After church, the boy played with his little friend, G, and I hung out with my friend, Susan, who helped me edit some photos of our darling boy to use on our Christmas card, because Susan is a Photo Shop Professional, while I am simply a Photo Shop Wanna-Be.
But…here’s a little secret: Our Christmas card is going to rock!
And then tonight, we went back to the church for our weekly small group Bible study, where we sat around and inhaled chips and cookies. The first half of our small group time is always devoted to just hanging out. We slump in chairs and sofas, we eat good food, and we simply talk with one another. The conversation at our table tonight covered an assortment of things, from preg-testing cows, to branding and castrating, to what it actually feels like to miss the cow when you have the syringe of antibiotics, and instead stab it into your own hand. Hubs and I, along with Nick and Jessie, and Dave and Missi, shrieked and howled and giggled. I can only assume that the conversations at the other table were nowhere near as funny as ours were, because they all kept looking over at us, as we were practically falling out of our chairs with laughter. And then, after we’d given up on discussing ranch life, we all circled up with the other couples for a great small group discussion.

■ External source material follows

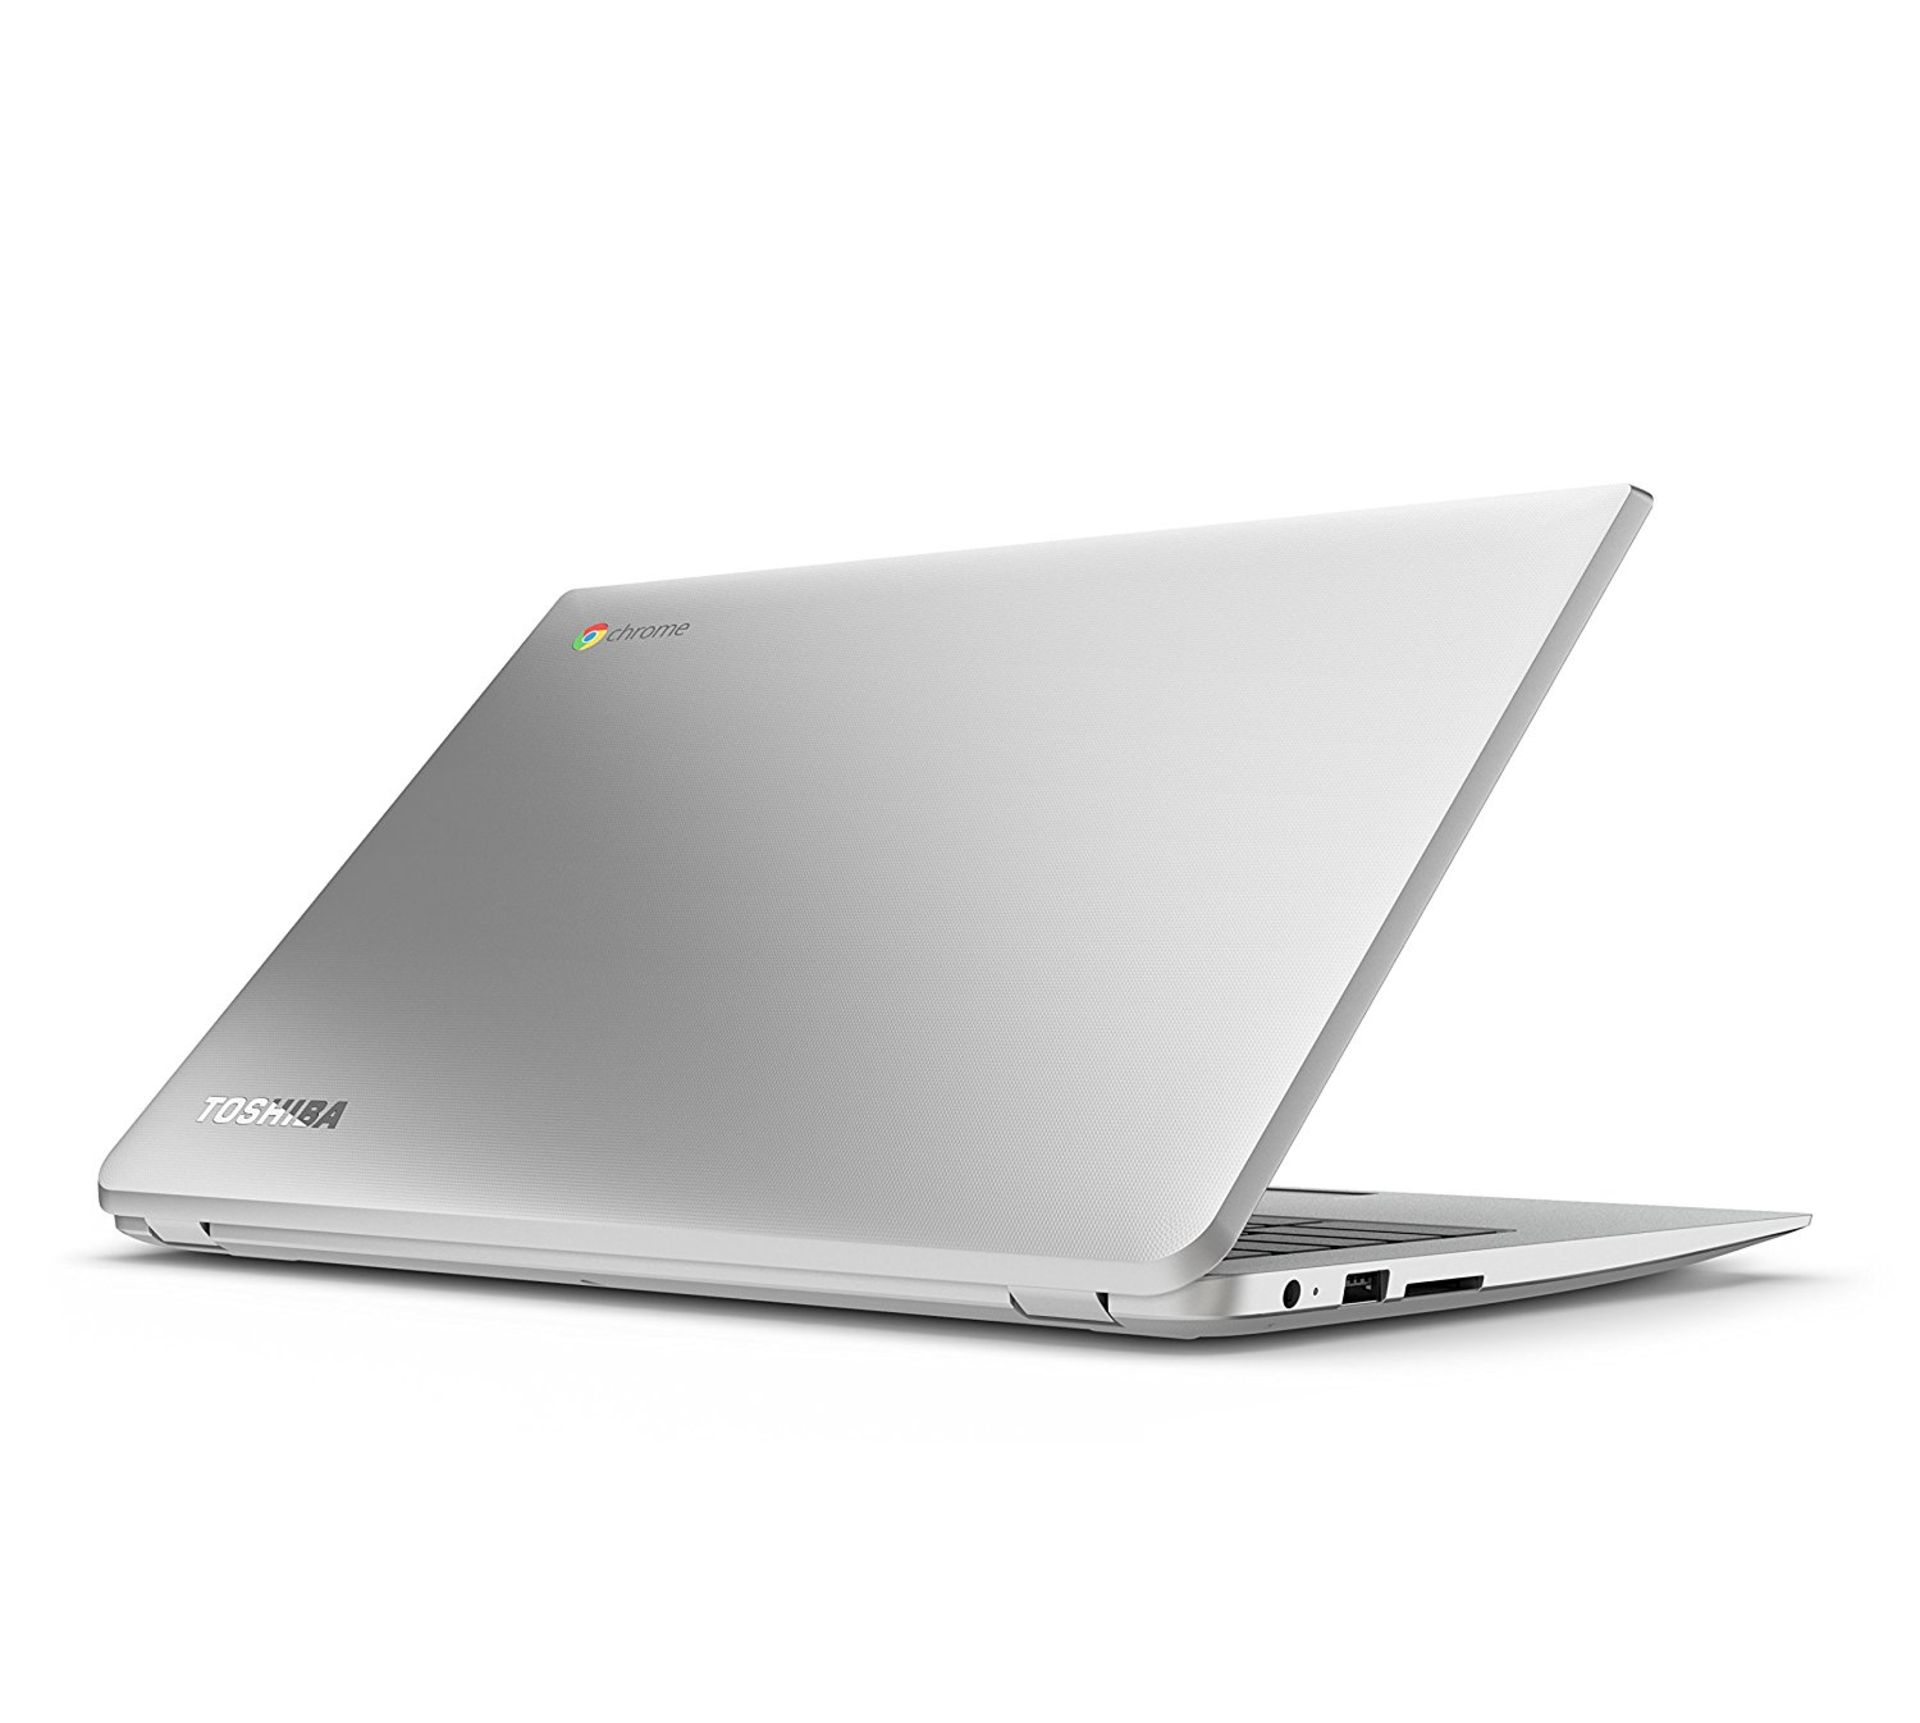 V Grade A/B Toshiba 13.3" Chromebook - 16GB SSD - Brushed Shiny Silver Finish - Google Chrome OS - - Image 2 of 2
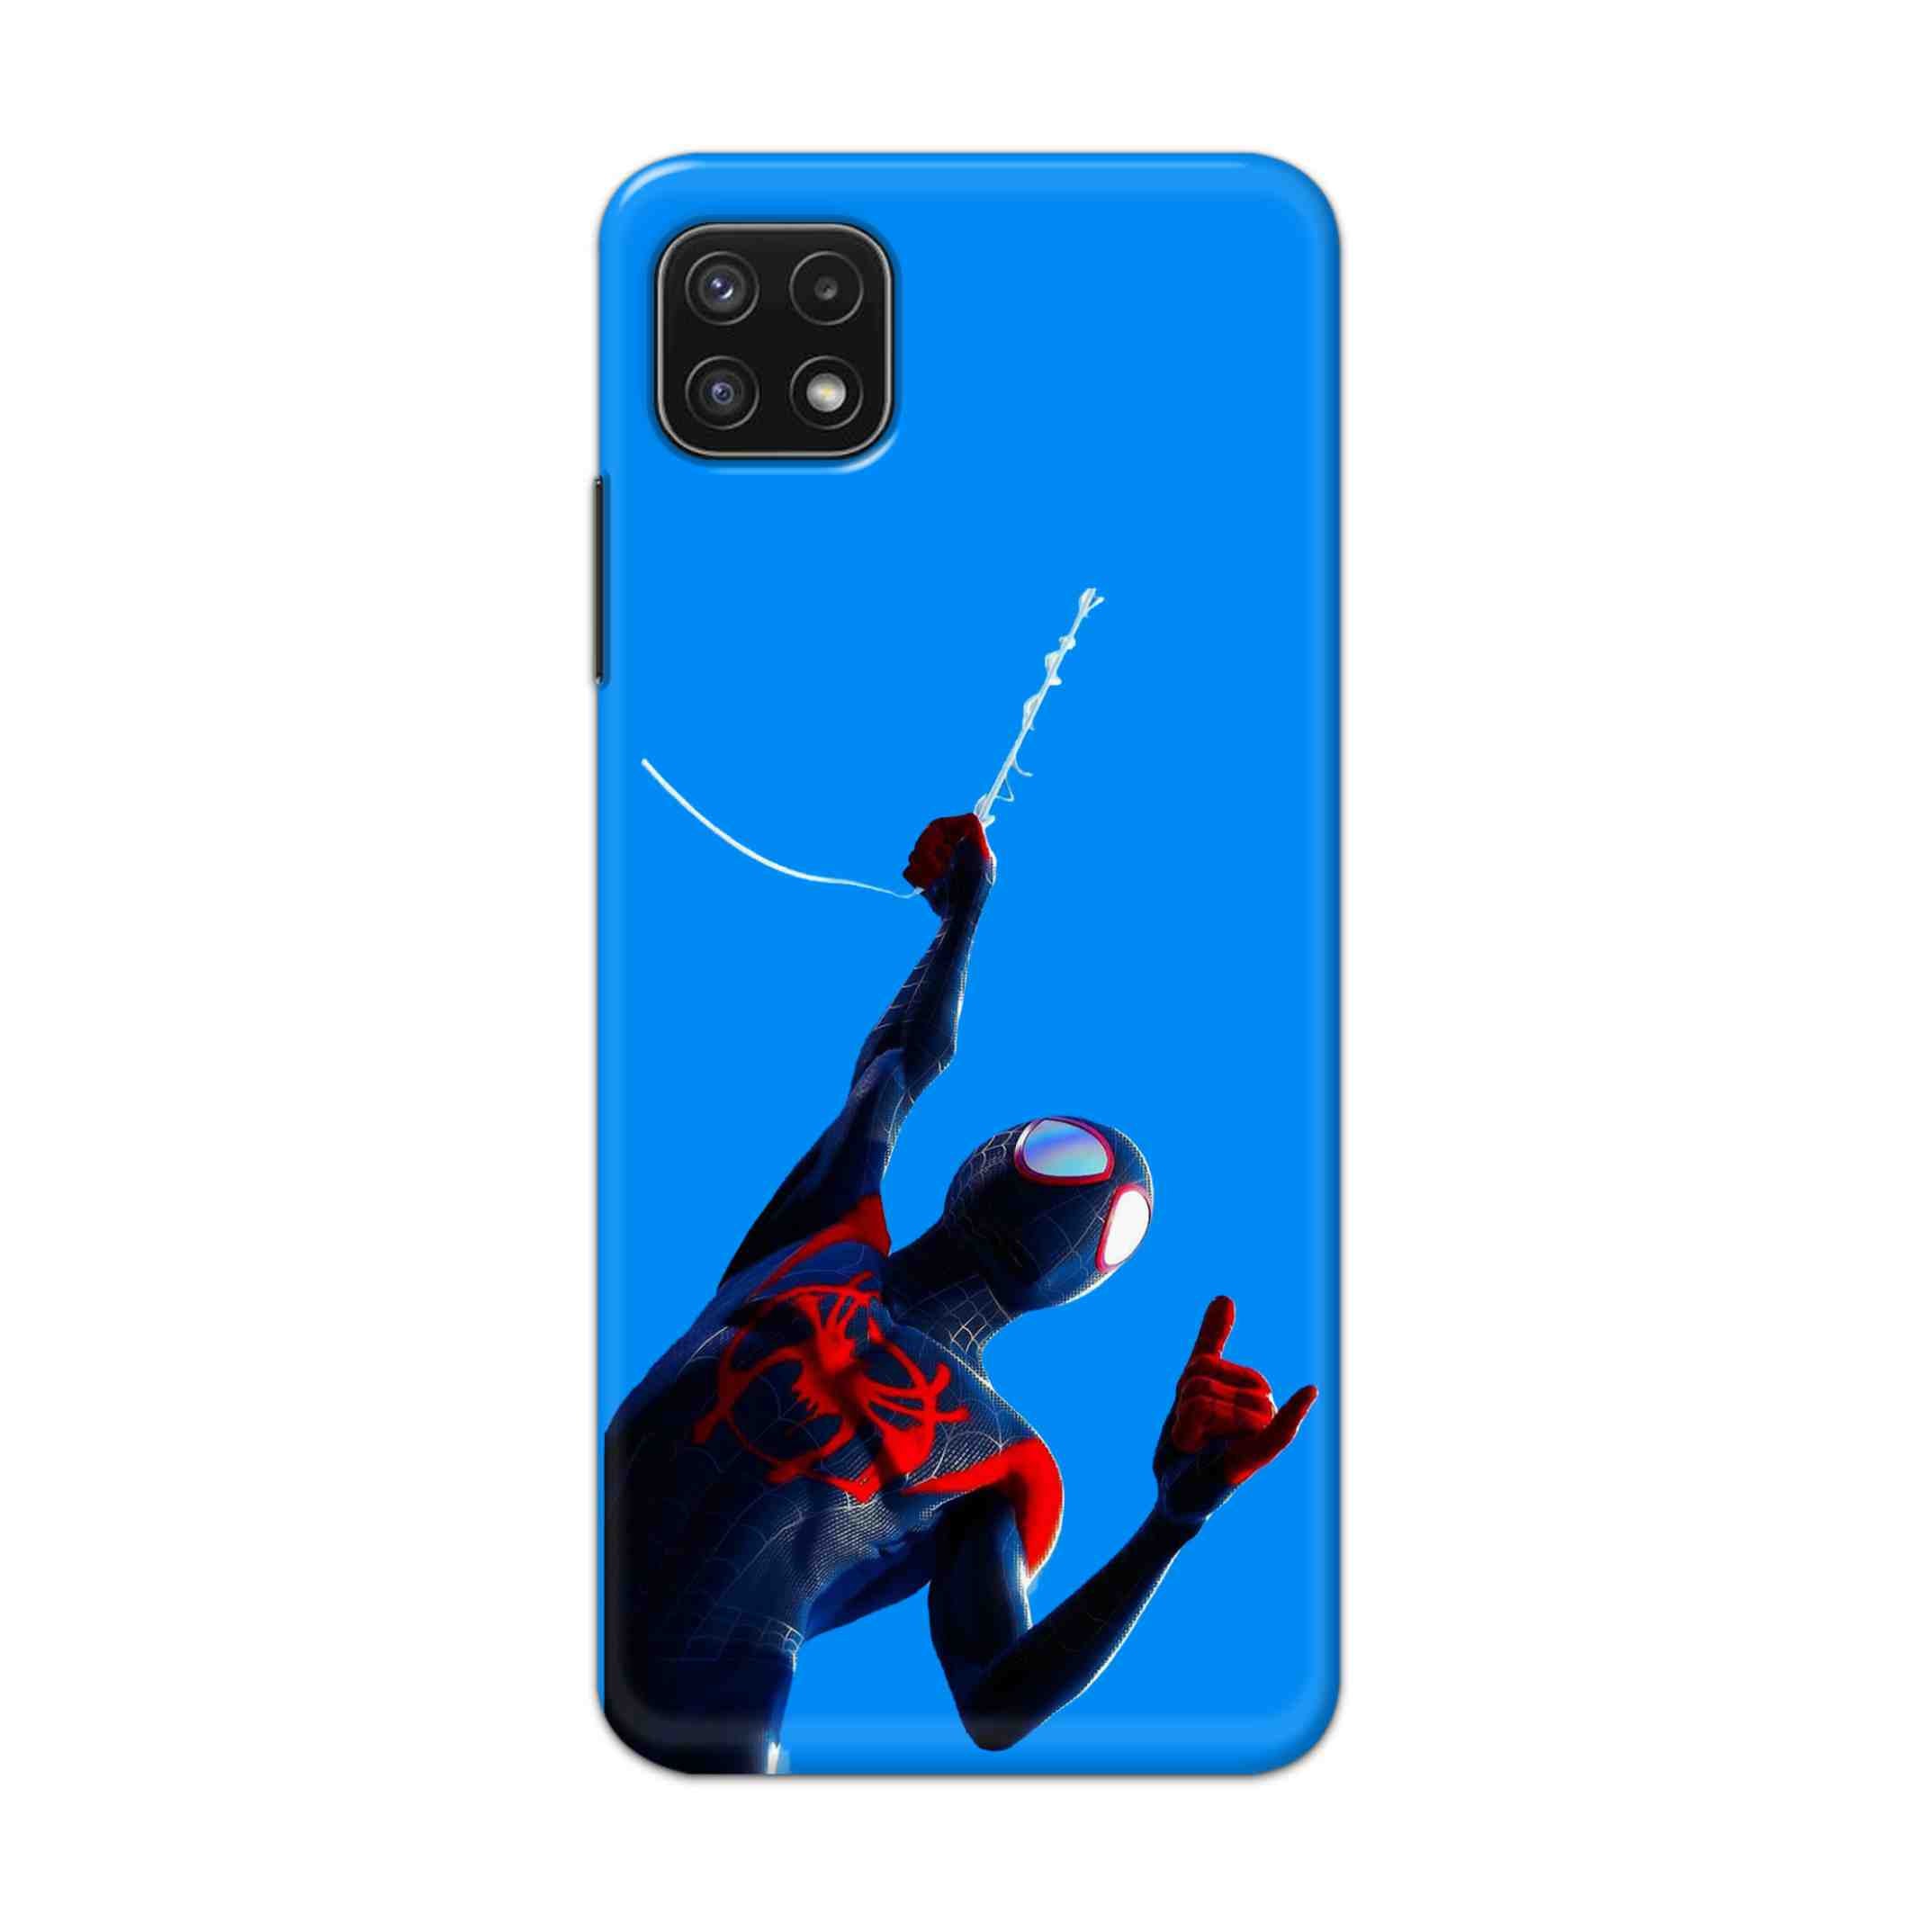 Buy Miles Morales Spiderman Hard Back Mobile Phone Case Cover For Samsung A22 5G Online

And then, when we got home and I was encouraging the boy to hurry, please just hurry, please don’t play with Legos, please just hurry and get through the shower and ready for bed, he turned to me and asked, “Mom, what are cat noses made out of? Did God just use a little bit of leather when he made their noses, or what?”
He stopped me cold. I’m not even sure that the answer to this is on Wikipedia.
People, what ARE cat noses made out of??!!